Notes on AWK-to-C Translator Design
===================================
(would probably only make sense to those are/were involved with the
 development of GAWK)


For those who are interested in the design of the translator (and perhaps
want to contribute to further development):

First of all, please read the comments in the source files (eval.c, eval2.c,
main.c, driver.c, and awk.h in particular). 
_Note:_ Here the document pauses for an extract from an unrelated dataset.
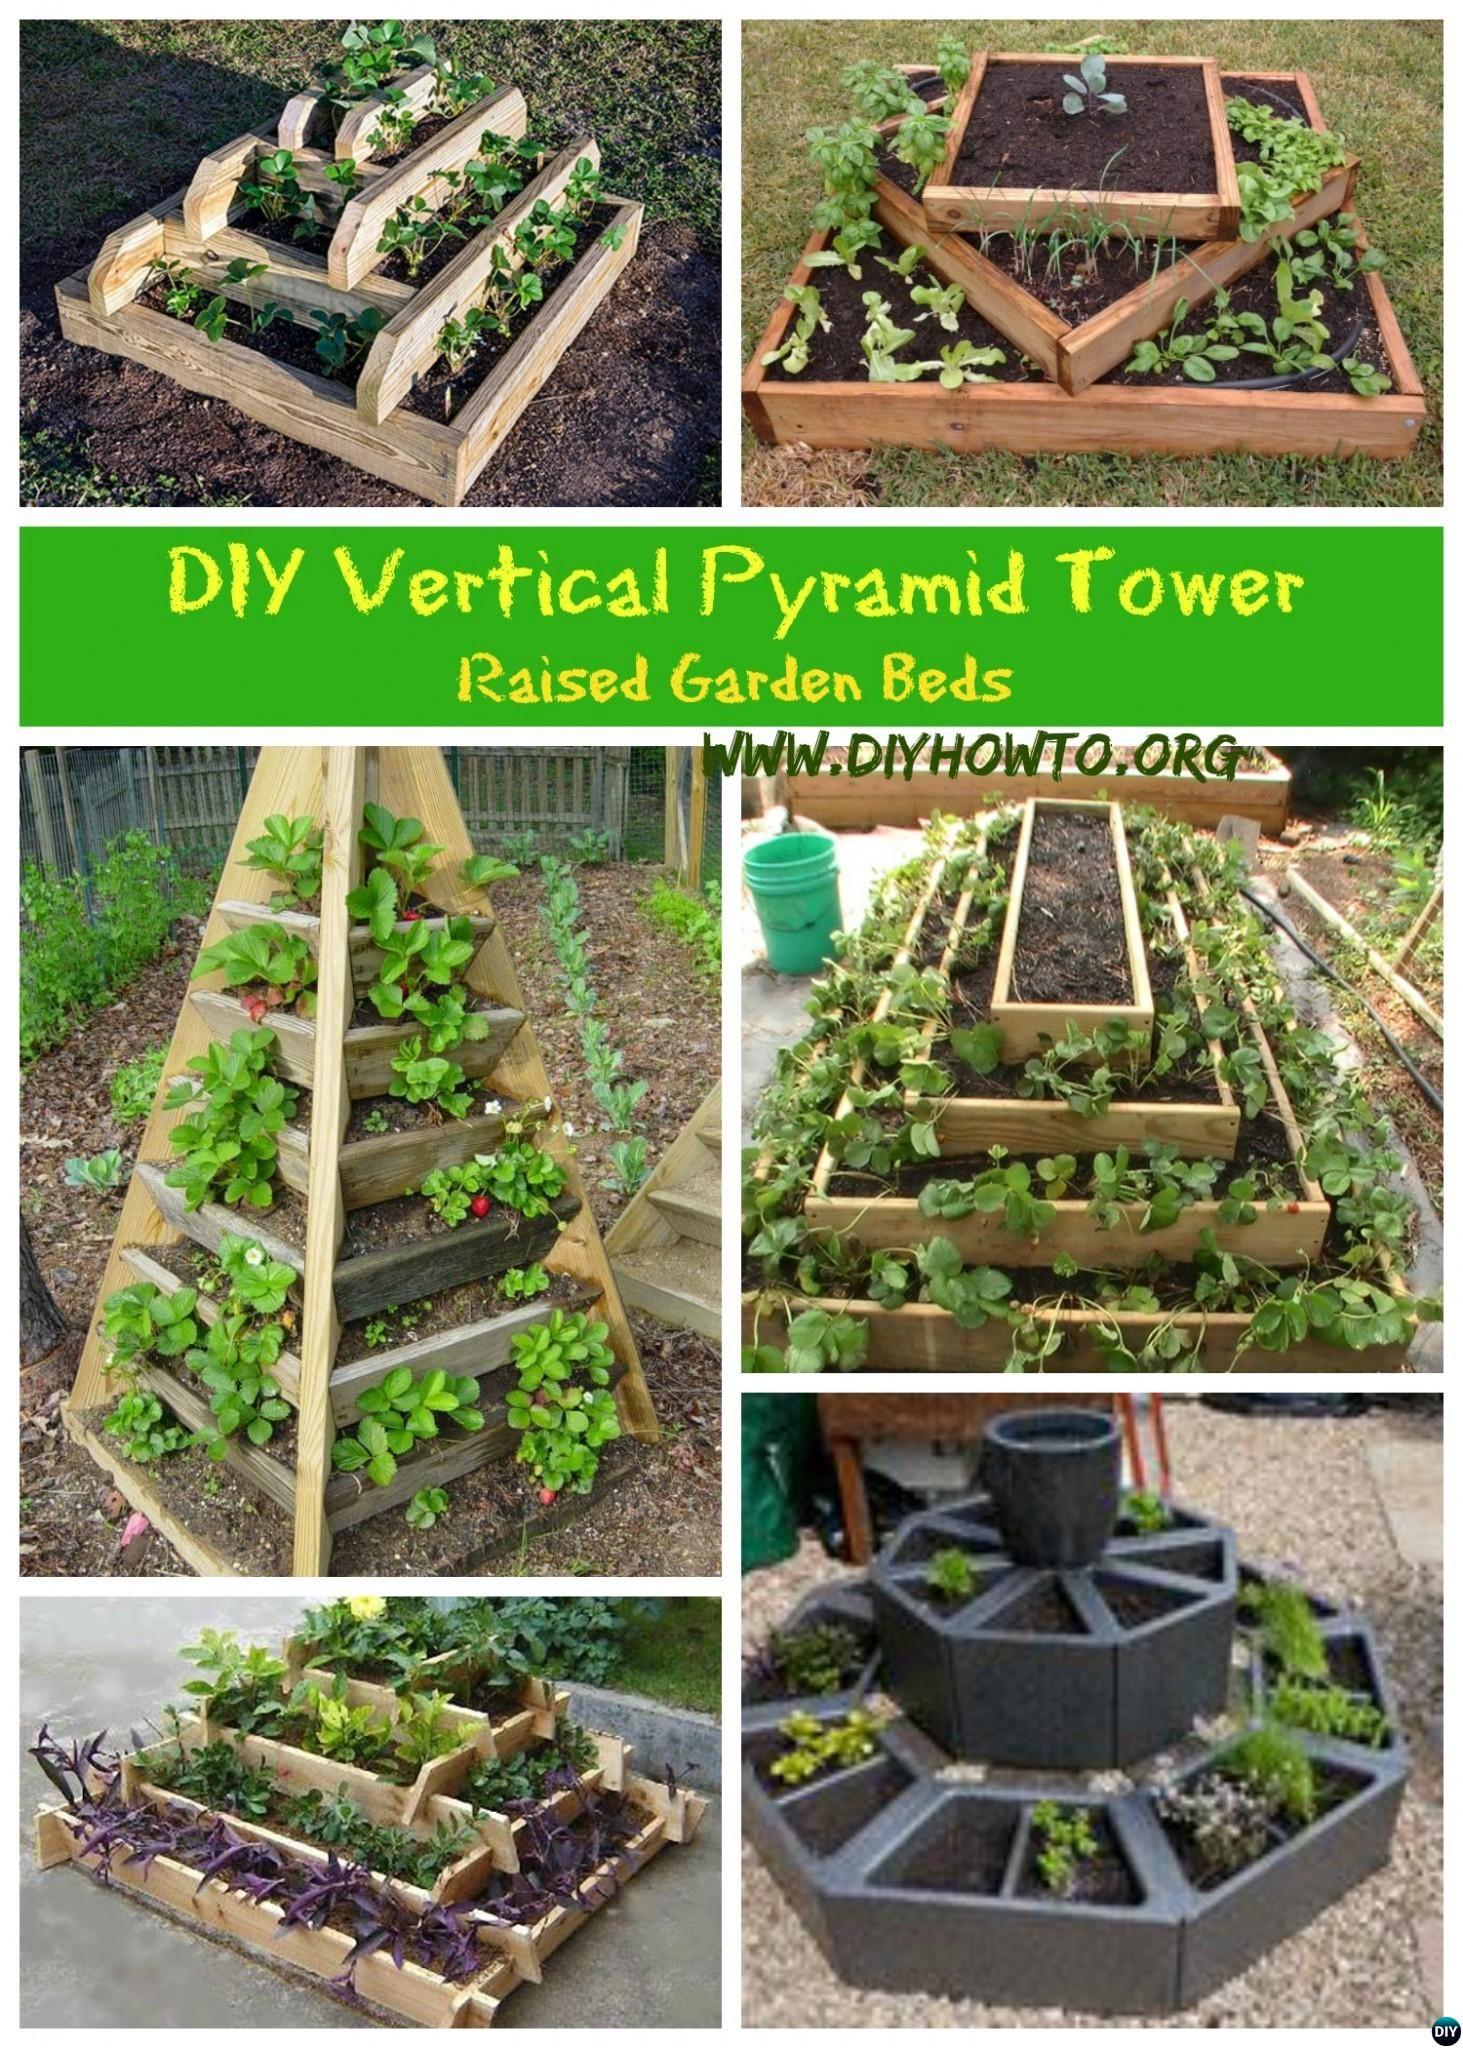 Diy Vertical Pyramid Tower Raised Garden Beds Raised Garden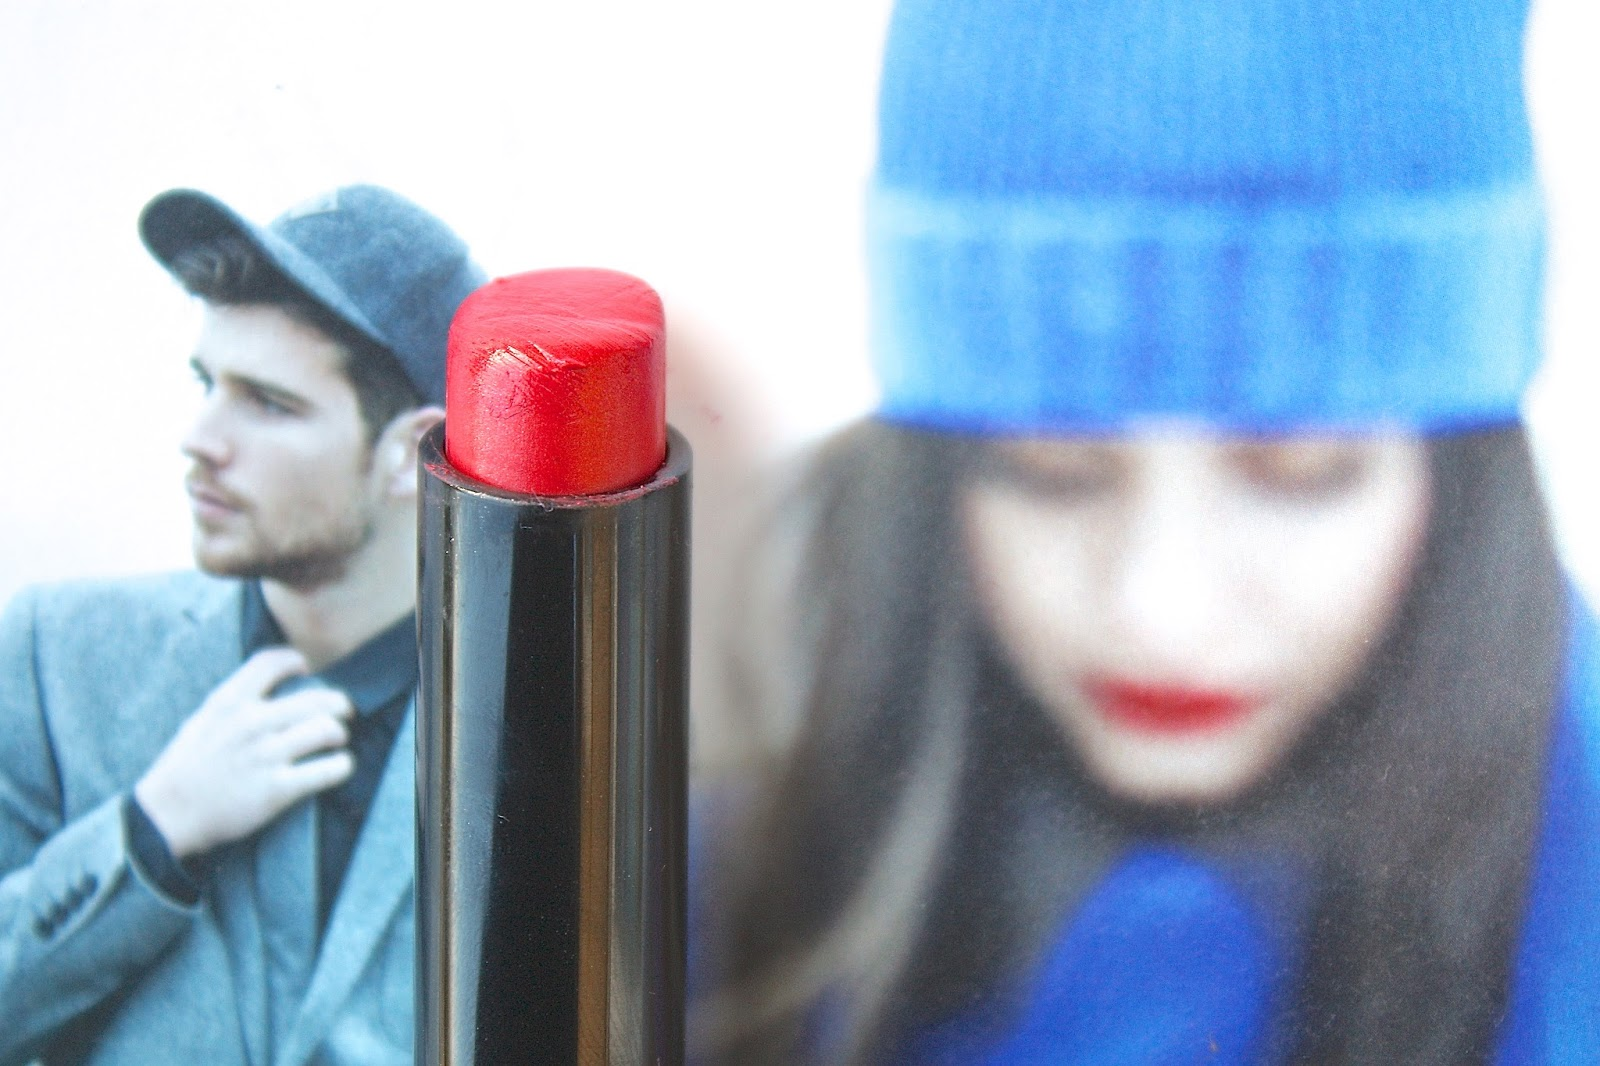 Bobbi Brown Lipstick in Rosy

The basic scheme starts off by using a slightly modified parser from GAWK
which produces a parse tree.  The original recursive-descent interpreter
and expression evaluator (interpret() and tree_eval() in eval.c) were then
EXTENSIVELY revised to walk the parse tree and emit C code on the fly.
To emit optimal C code, the translator first pre-walks the parse tree and
sets up information of user variables and like in the parse tree.  Then, on
the actual translation walk, the expression evaluator emits optimized C
code based on how variables are used in the AWK program  (i.e. if a variable
is only used as number in the life of a program and never as a string, then
the emitted C code can be simpler and therefore faster at runtime).  I 
won't go into the various types of optimization the translator attempts
and instead direct you to 'eval.c' to read the comments.  This is also
one area for future additions/improvements.

Any utility routines (for assoc. arrays, regexp, etc) were pretty much
left alone except for those who depended on the parse tree as one of their
inputs.  These had to be modified to become parser-tree independent.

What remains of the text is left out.